### Records from a data collection

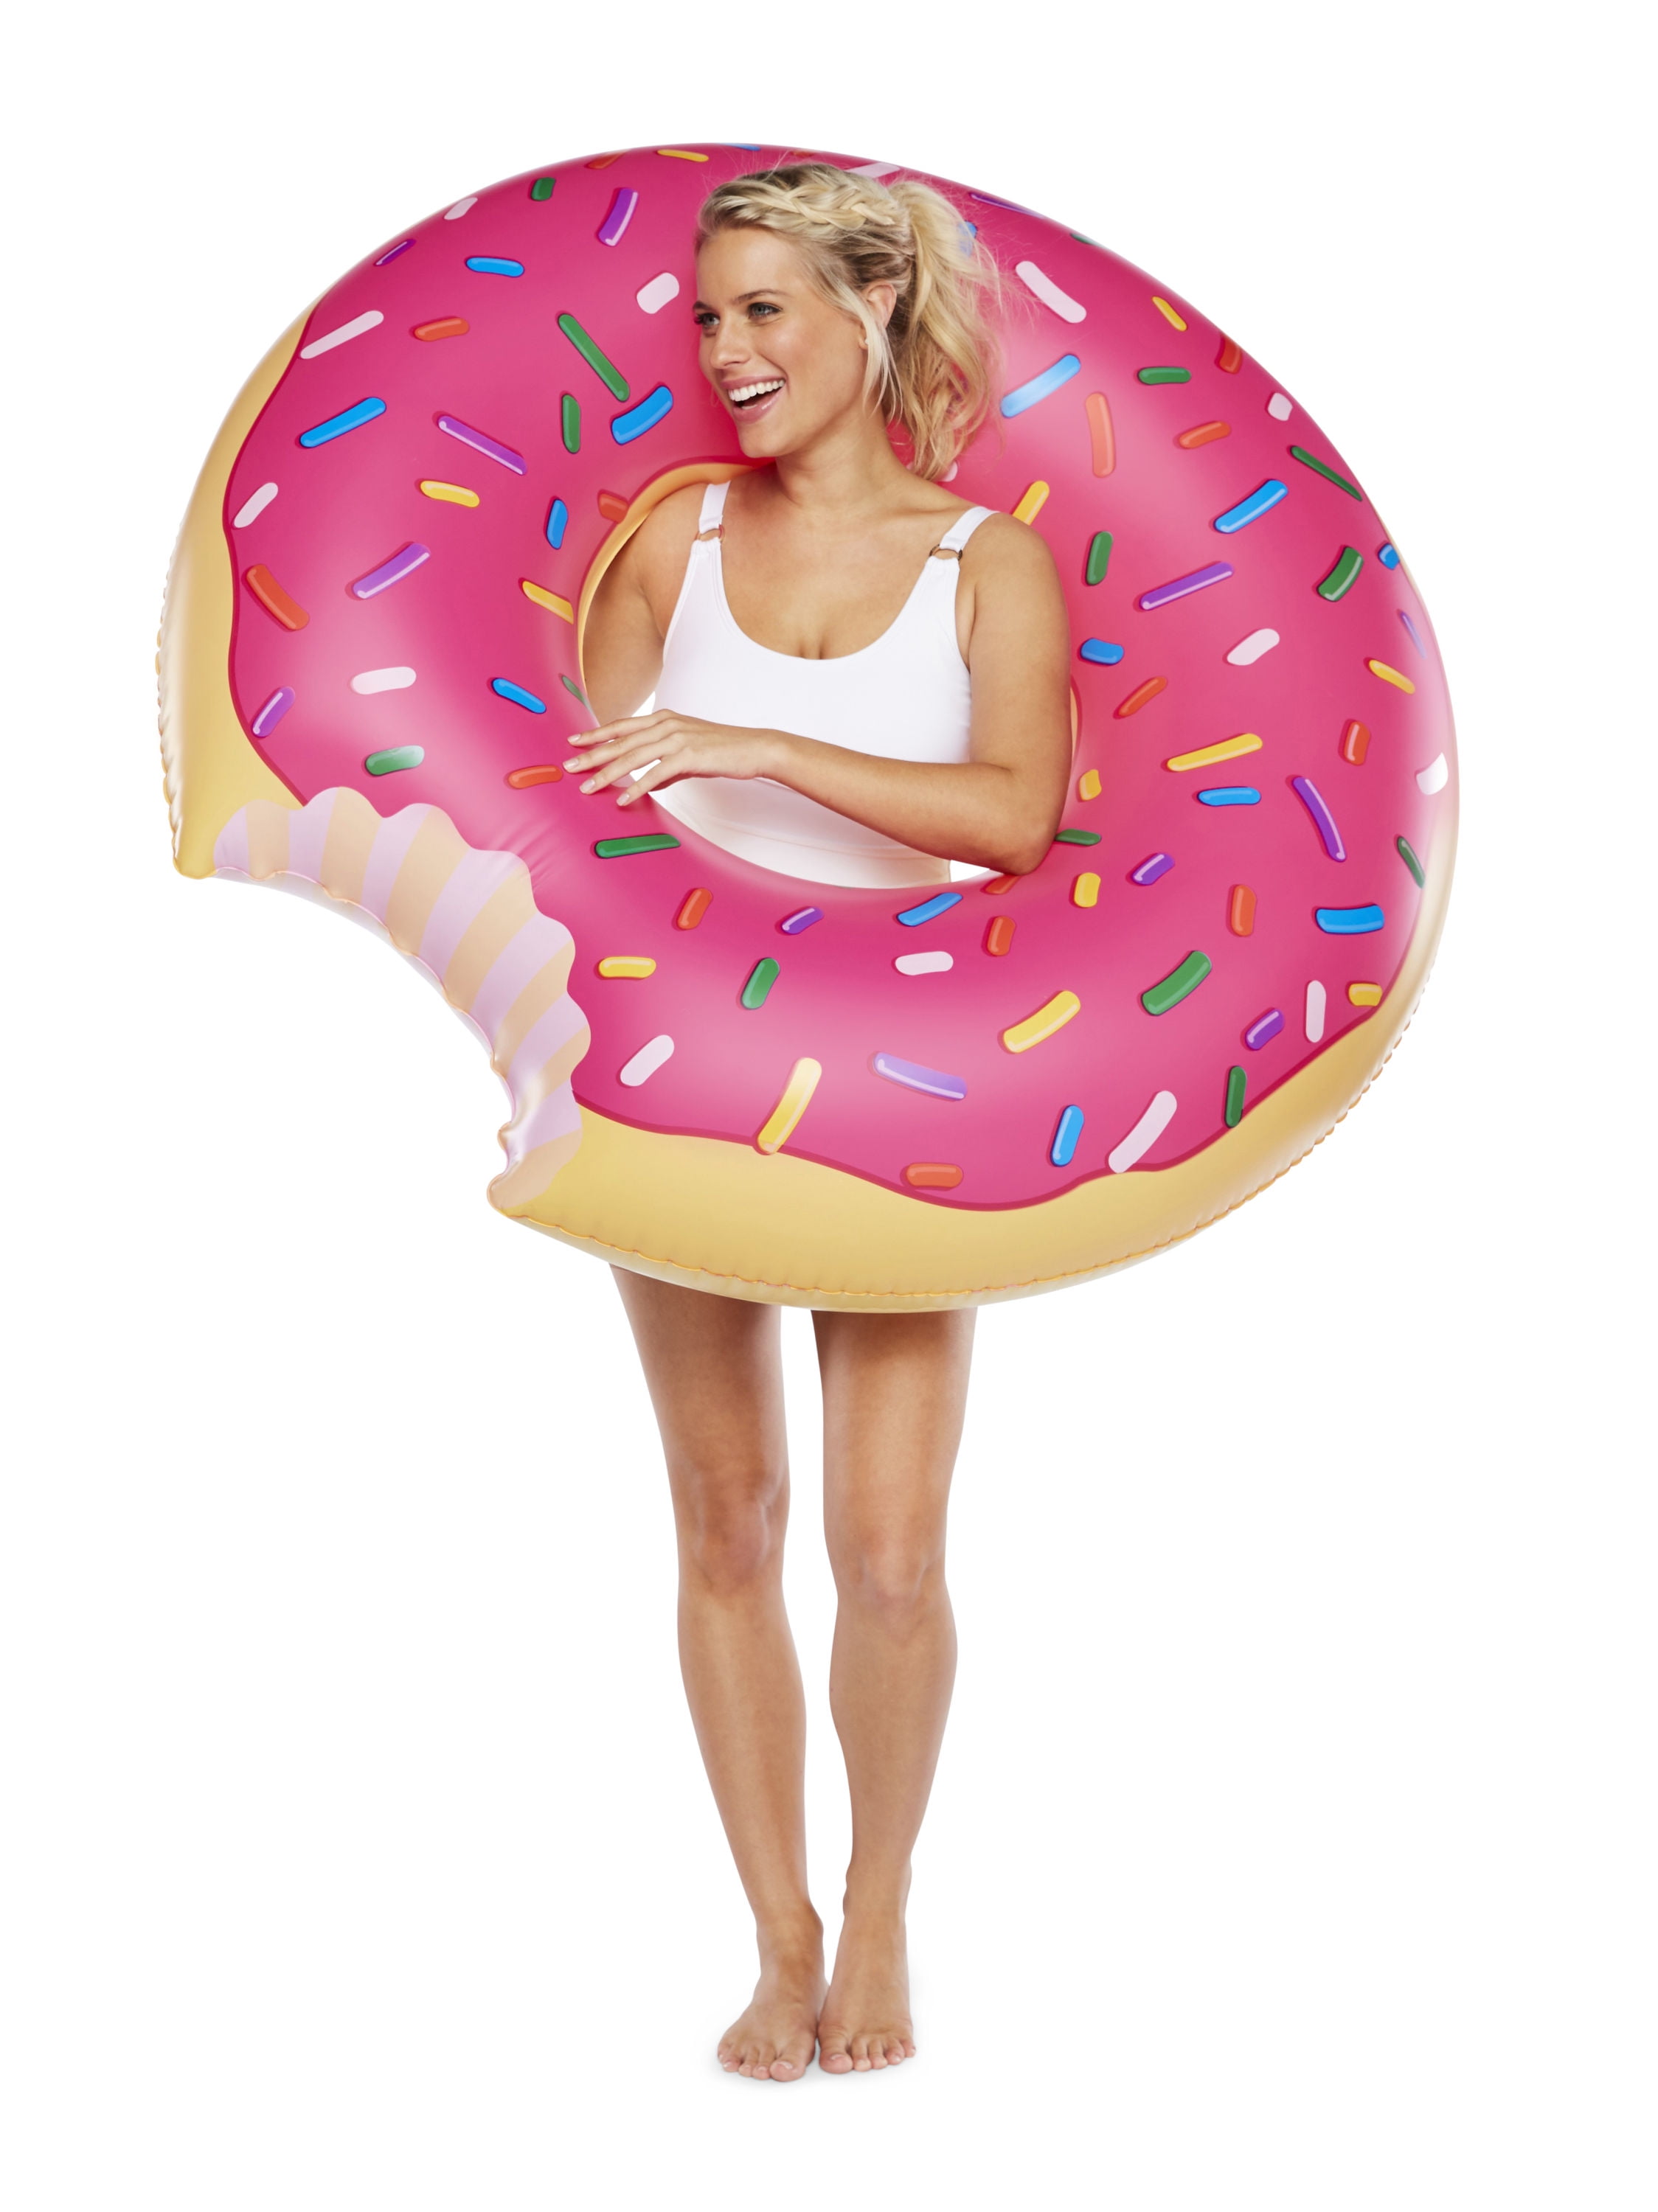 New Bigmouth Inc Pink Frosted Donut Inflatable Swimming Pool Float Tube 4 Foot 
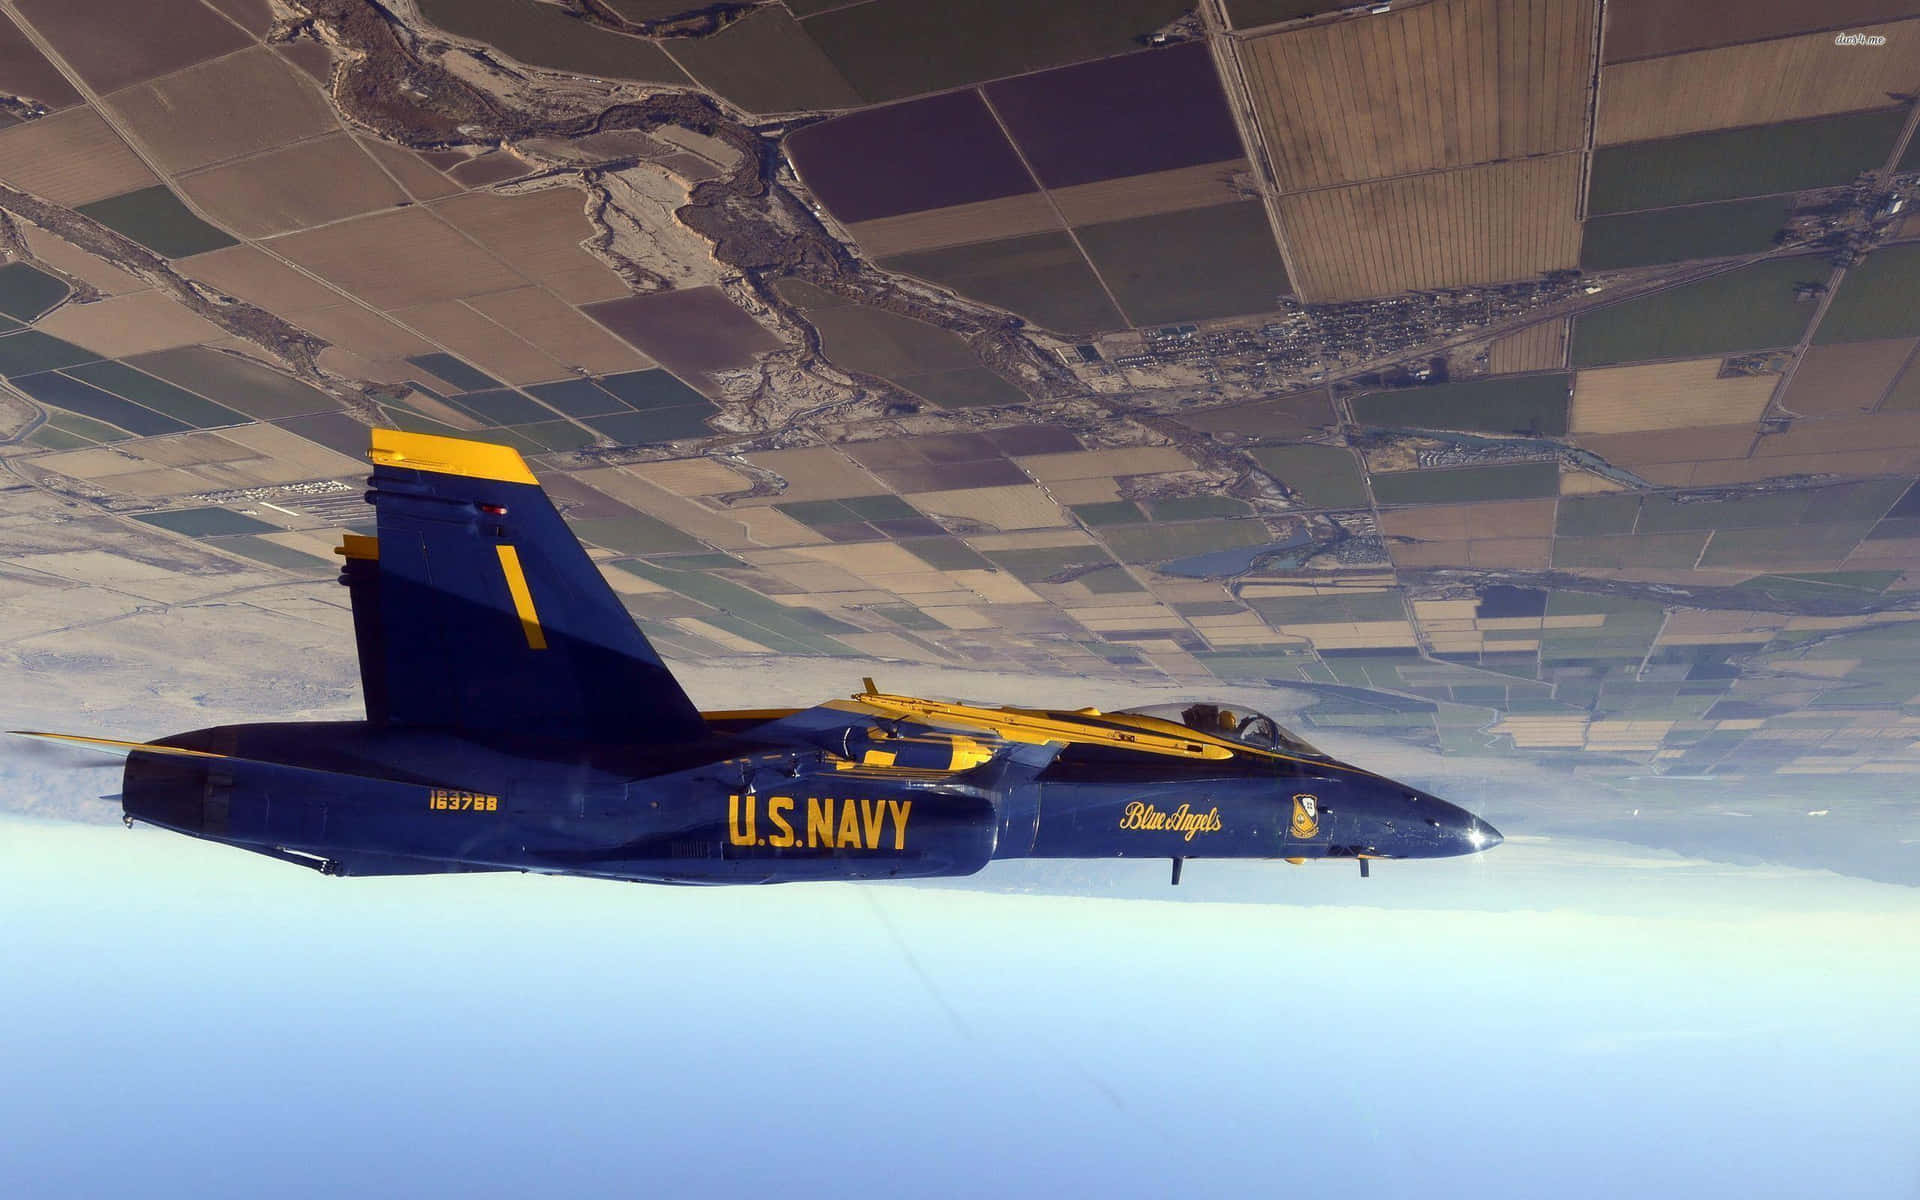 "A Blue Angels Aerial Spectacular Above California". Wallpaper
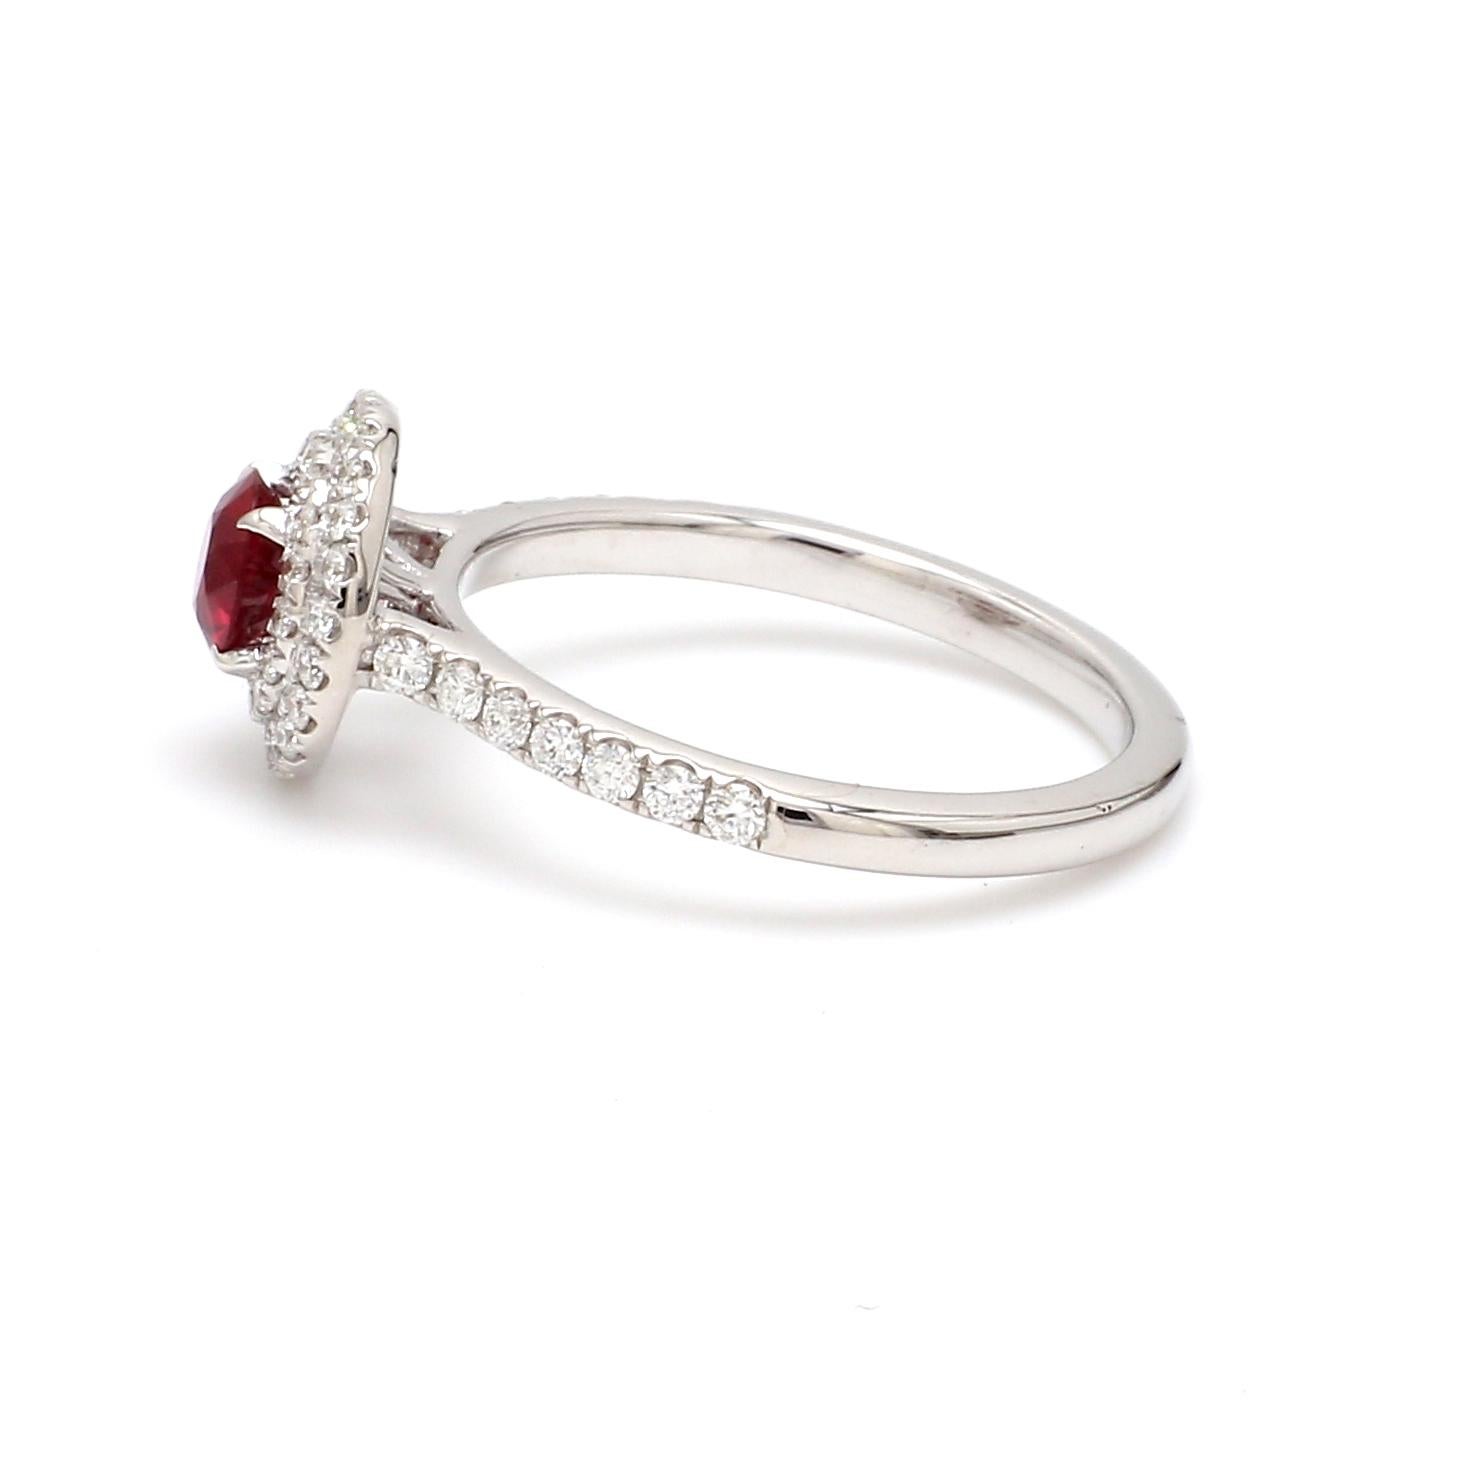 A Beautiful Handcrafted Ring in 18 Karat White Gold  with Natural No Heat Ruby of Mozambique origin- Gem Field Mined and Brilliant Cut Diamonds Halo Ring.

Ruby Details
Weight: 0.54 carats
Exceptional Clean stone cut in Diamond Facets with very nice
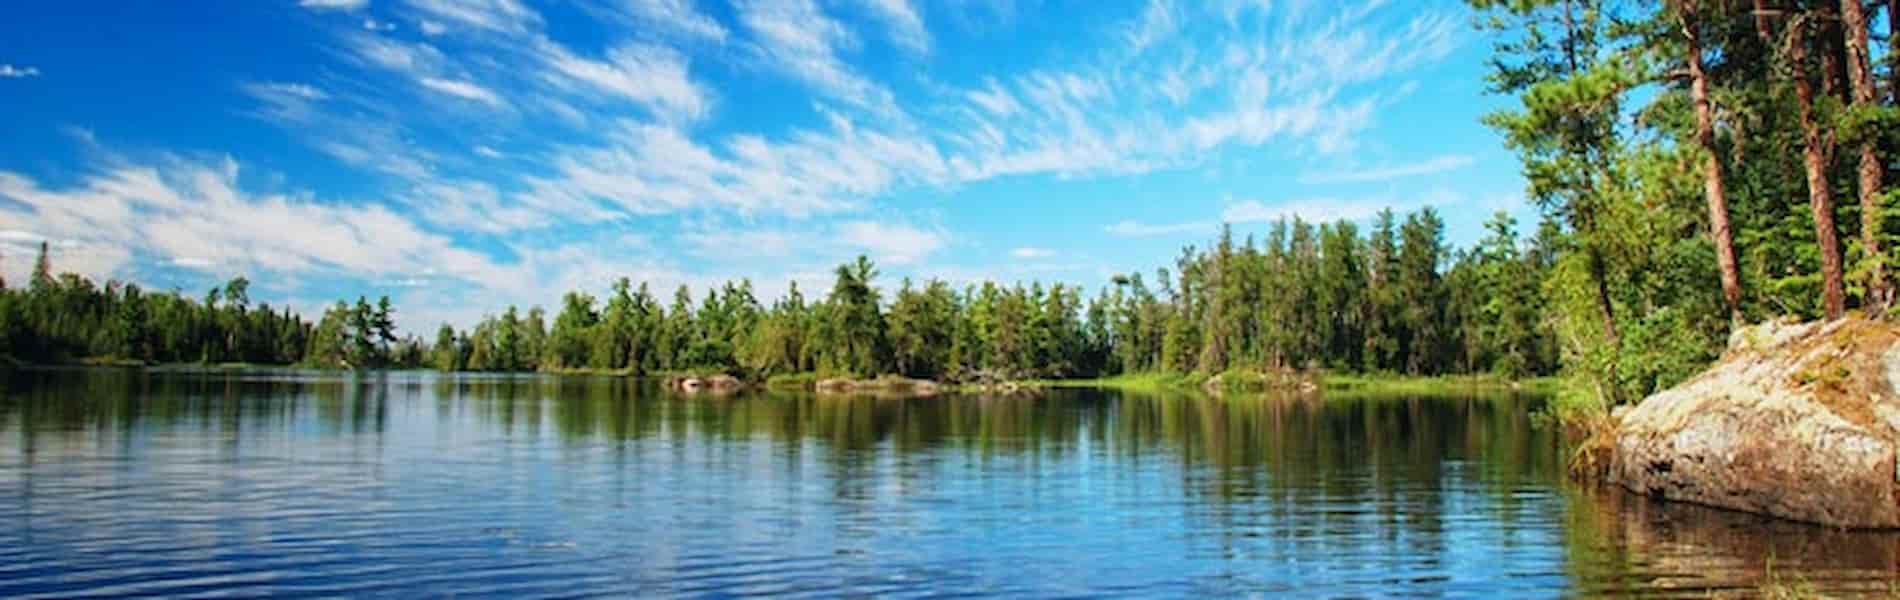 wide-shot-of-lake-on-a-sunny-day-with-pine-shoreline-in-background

### Task objective
From the line that holds "A Beautiful Handcrafted" to the last line of the records, please copy each line exactly and nothing else. Pictures stay out.

### Response area
 A Beautiful Handcrafted Ring in 18 Karat White Gold  with Natural No Heat Ruby of Mozambique origin- Gem Field Mined and Brilliant Cut Diamonds Halo Ring.

Ruby Details
Weight: 0.54 carats
Exceptional Clean stone cut in Diamond Facets with very nice
 wide-shot-of-lake-on-a-sunny-day-with-pine-shoreline-in-background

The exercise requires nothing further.